Hacker News new | ask | show | jobs
by CorneliaKara 3529 days ago
[disclaimer: I work on the Computer Vision API] Good examples! It looks like you were using the Image Captioning operation in the Computer Vision API. I would think that, for the cases where the output was not correct, the API returns a low confidence score; it really depends on your scenarios, but, in my own testing, a caption with <40% confidence score is likely to have incorrect info. Now, to explain what's going on a bit better: the vision models behind the API were trained with a large body of images; you can imagine that coat of arms or images of astronauts weren't very prevalent (while images of giraffes or motorcycles were). We continue to improve the vision models over time, so seeing feedback like this on HN (or StackOverflow, or the User Voice forum on Microsoft.com/cognitive) helps!
1 comments

Thanks for the response Cornelia.

I can see that the Computer Vision API does return some useful information. E.g. it appears to discriminate well between abstract images and photos. I appreciate the inclusion of scores with the returned information.

However, the captioning reliably produces odd results.
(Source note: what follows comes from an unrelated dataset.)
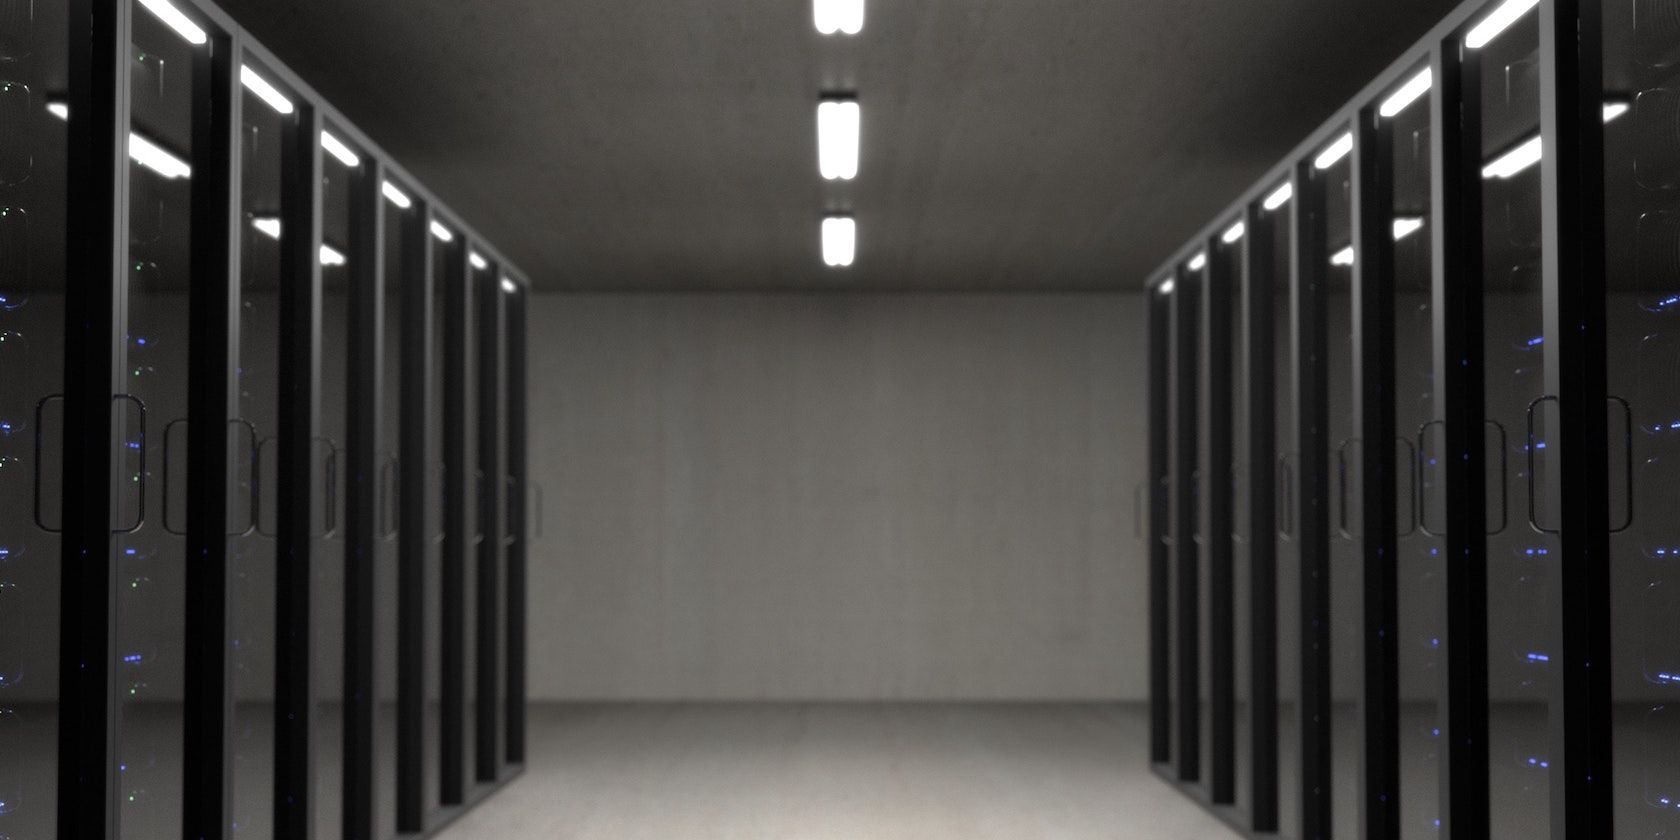 A corridor between rows of server racks behind glass doors.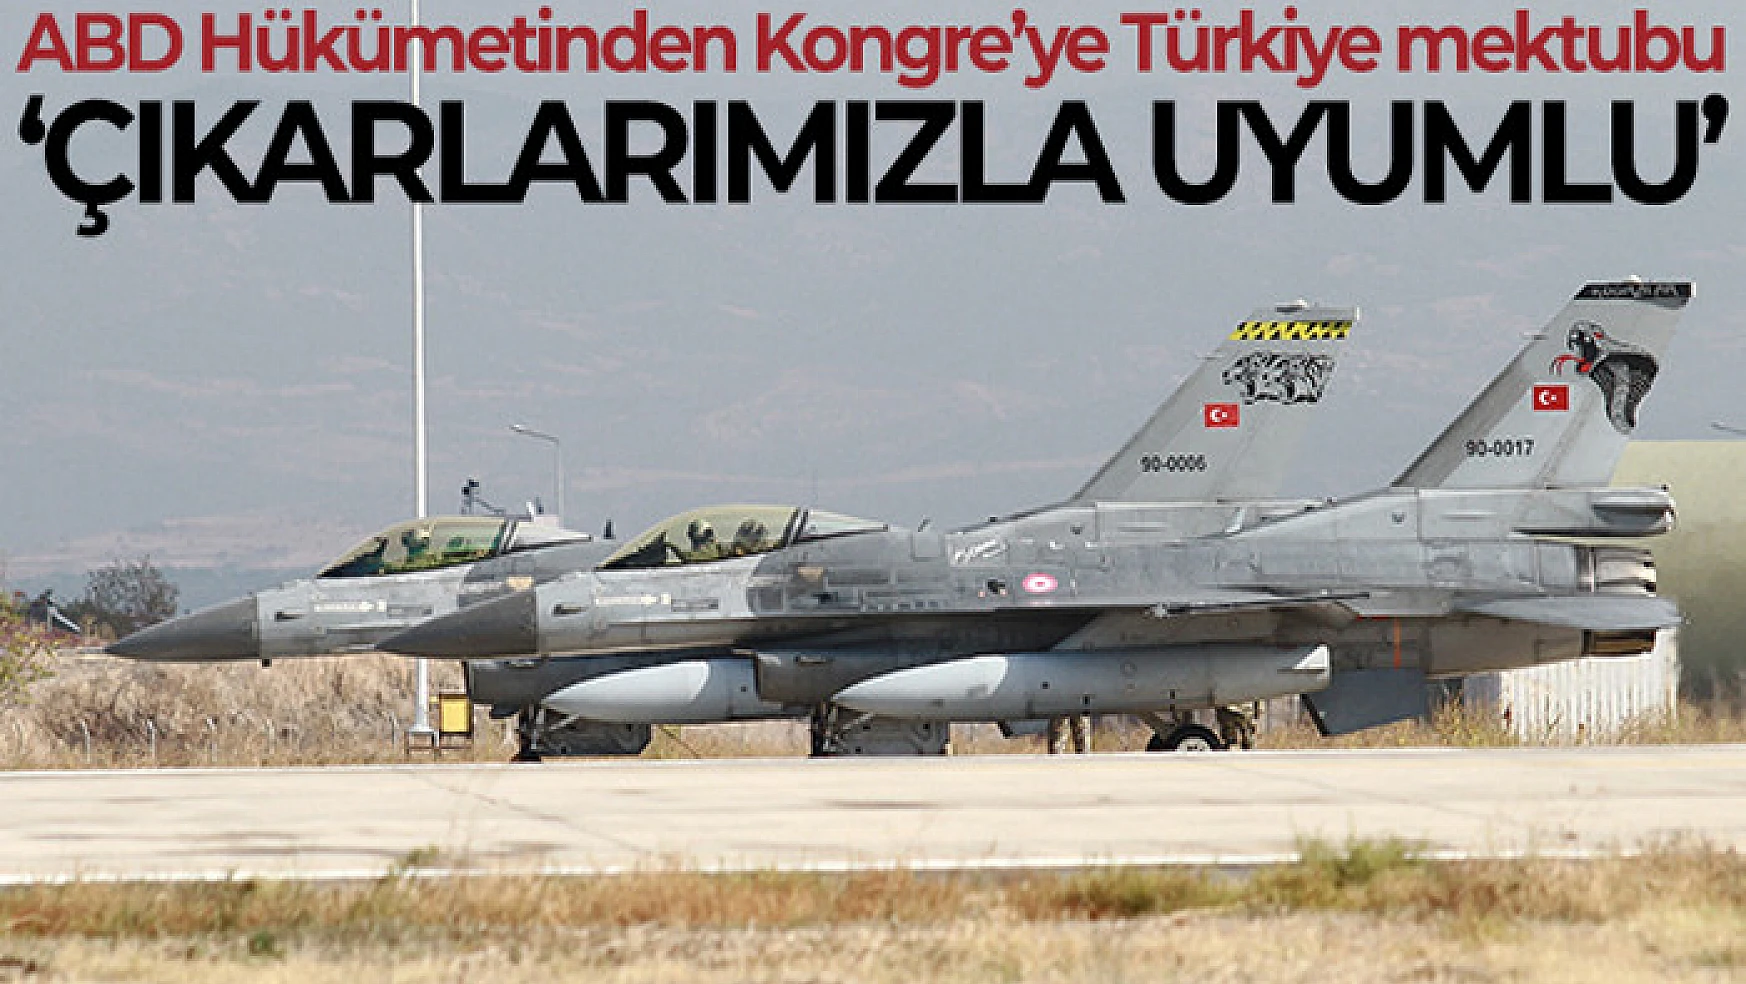 ABD Dışişleri Bakanlığı'ndan Kongre'ye Türkiye'ye F-16 satılması için tavsiye mektubu

I Googled, "Italian guy eating pizza." To fit the person verbing a common noun model. This was the first non-cartoon image for me:

https://s-media-cache-ak0.pinimg.com/564x/68/c6/cf/68c6cf87b...

And the caption:

{ "type": 0, "captions": [ { "text": "a man and a woman eating a plate of food", "confidence": 0.44831967045071774 } ] }

The woman in question is, I presume, the small statue of the Virgin Mary stood next to the pizza.

There were also a few things I thought would fail but didn't. E.g. distinguishing preparing food from eating it. This was nice.